Weil tinha um irmão, André, que se tornou um grande matemático. Ela escolheu estudar filosofia. Entre 1925-1928 foi aluna de Alain3 e conheceu Simone Pétrement, que se tornou sua amiga, e anos mais tarde, sua biógrafa.

Nos anos de 1926 e 1927, obteve os diplomas de Moral, Sociologia, Psicologia, História da Filosofia, Filosofia geral e Lógica. Na École Normale Supérieure, Weil era a única mulher. Terminada a Agrégation (1931), ela pediu nomeação para uma cidade industrial e foi designada para lecionar no Liceu de Puy.. Como professora, passava noites adentro corrigindo os textos de suas alunas. Ensinava também a pescadores, operários e os filhos deles, sem esperar nada em troca. Vestia-se modestamente, gastava o mínimo consigo.4

Foi designada à cidade de Roanne no ano de 1933. O curso de filosofia ministrado por ela chegou a nosso conhecimento por meio das anotações da ex-aluna Anne Reynald.5 Aos 25 anos, em 1934, decidiu trabalhar em fábricas, ocultando sua identidade como professora universitária. Havia uma pergunta que a inquietava: “Como coordenar os trabalhos sem oprimir os trabalhadores?”6. Ela deixou um registro sobre suas observações e experiências desse período, o Diário de Fábrica, no qual registrou as “dificuldades e fadigas que dia a dia sofreu tentando alcançar as cotas de velocidade forçadas”7, apesar de nunca alcançá-las.

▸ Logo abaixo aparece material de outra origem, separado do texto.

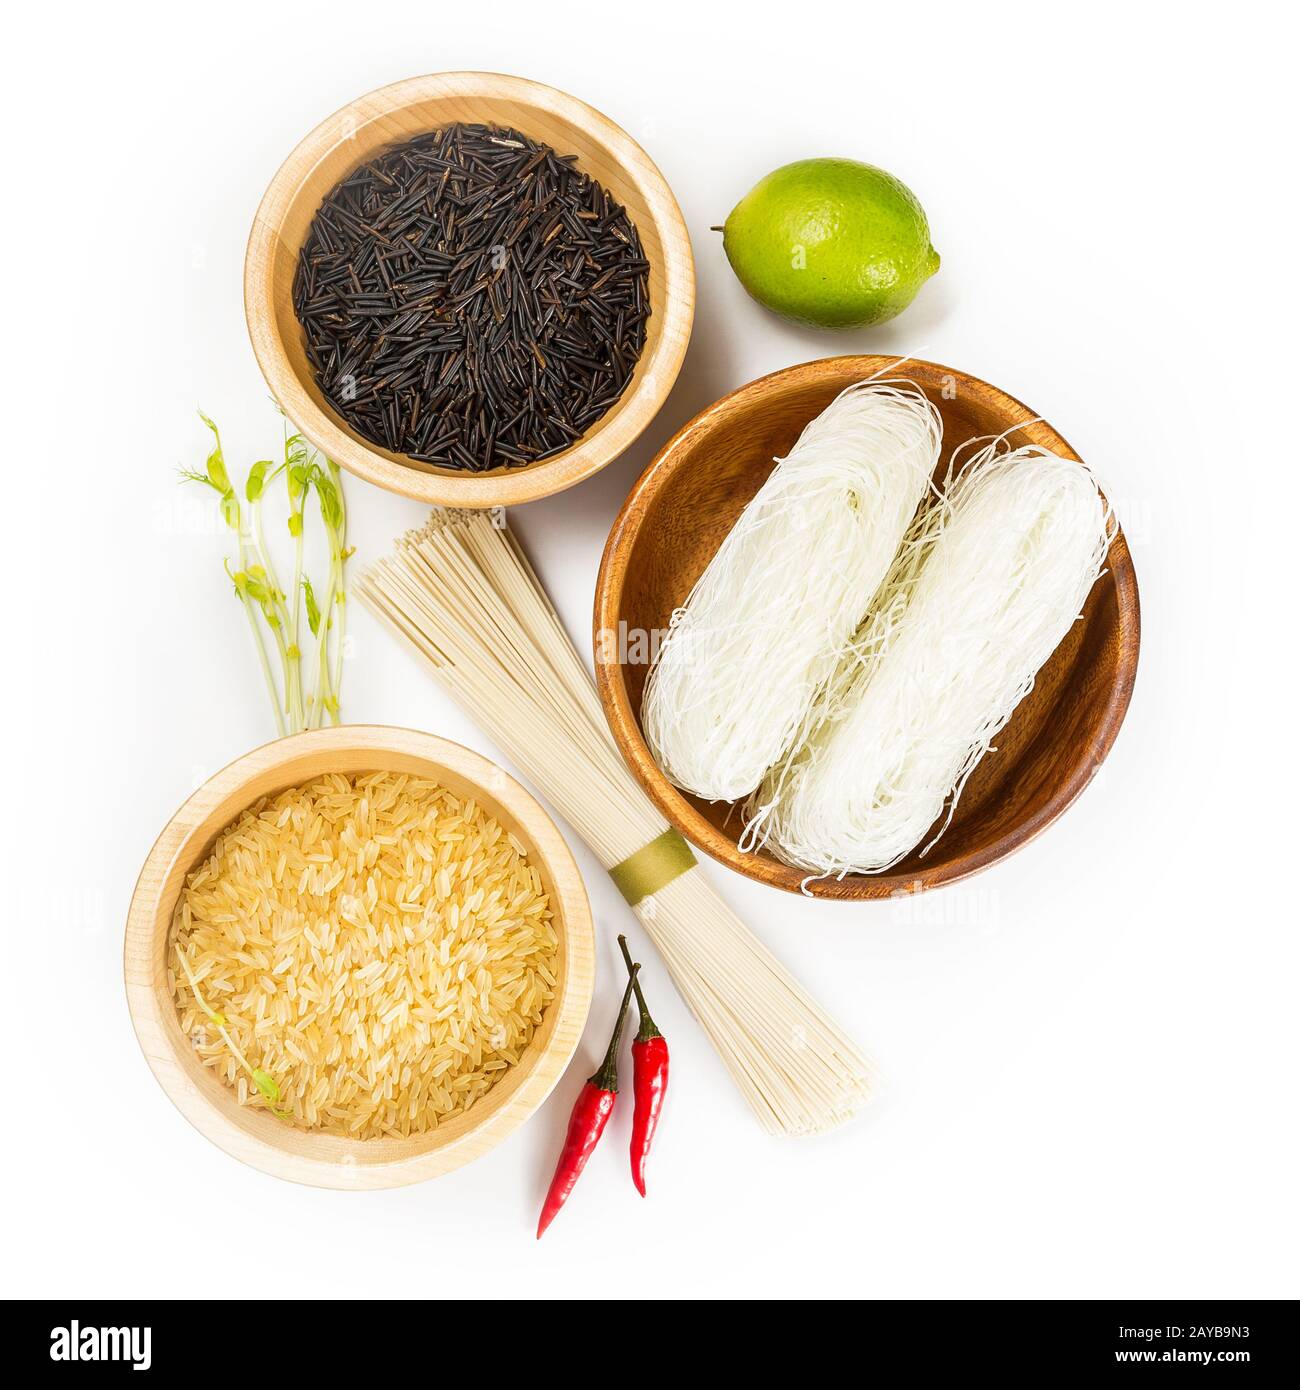 Ingredients for Asian cuisine Stock Photo

Trabalhou na fábrica da Asthom de 4 de dezembro de 1934 a 5 de abril de 1935.

Depois, trabalhou na fábrica Renault como frisadora. Lá, trabalhava de 10h às 22h. Foi nesse período que Weil teve o sentimento de escravidão e de privação de direitos.8

2 WEIL. Autobiografia Espiritual. In: ______. Espera de Deus. São Paulo: ECCE, 1987, p. 44.

3 Alain (Émile-Auguste Chartier, 1868-1951) foi um jornalista, ensaísta e filósofo francês. Ele foi professor de Weil e exerceu grande influência no pensamento da autora. Algumas ideias e proposições de Alain, pode-se ler em PÉTREMENT, Vida de Simone Weil, p. 59-64.

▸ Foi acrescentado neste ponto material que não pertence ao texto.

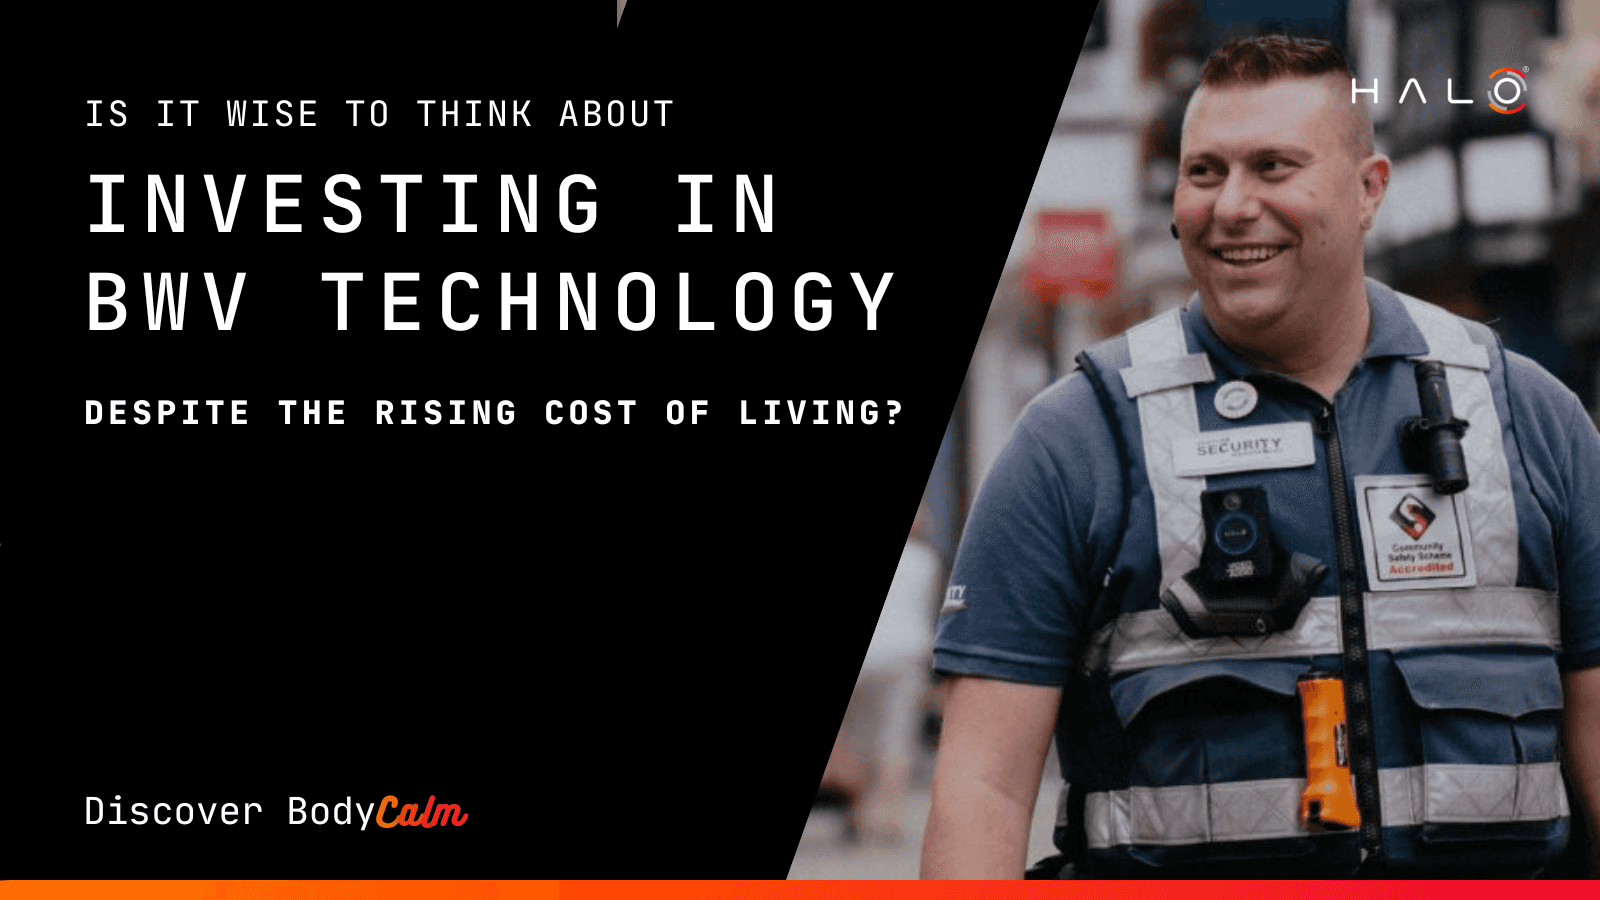 IS NOW THE TIME TO INVEST IN BODY-WORN TECHNOLOGY?

4 PÉTREMENT, Vida de Simone Weil, p.45, 150.

5 Cf. WEIL, Simone. Aulas de Filosofia. São Paulo: Papirus, 1991.

6 PÉTREMENT, Vida de Simone Weil, p. 314, 329, 353.

7“Dificultades y fatigas que, día tras día, tuvo que sufrir intentado alcanzar las cotas de velocidad obligadas”. PÉTREMENT, Vida de Simone Weil, p. 354.

8 PÉTREMENT, Vida de Simone Weil, p. 370-375.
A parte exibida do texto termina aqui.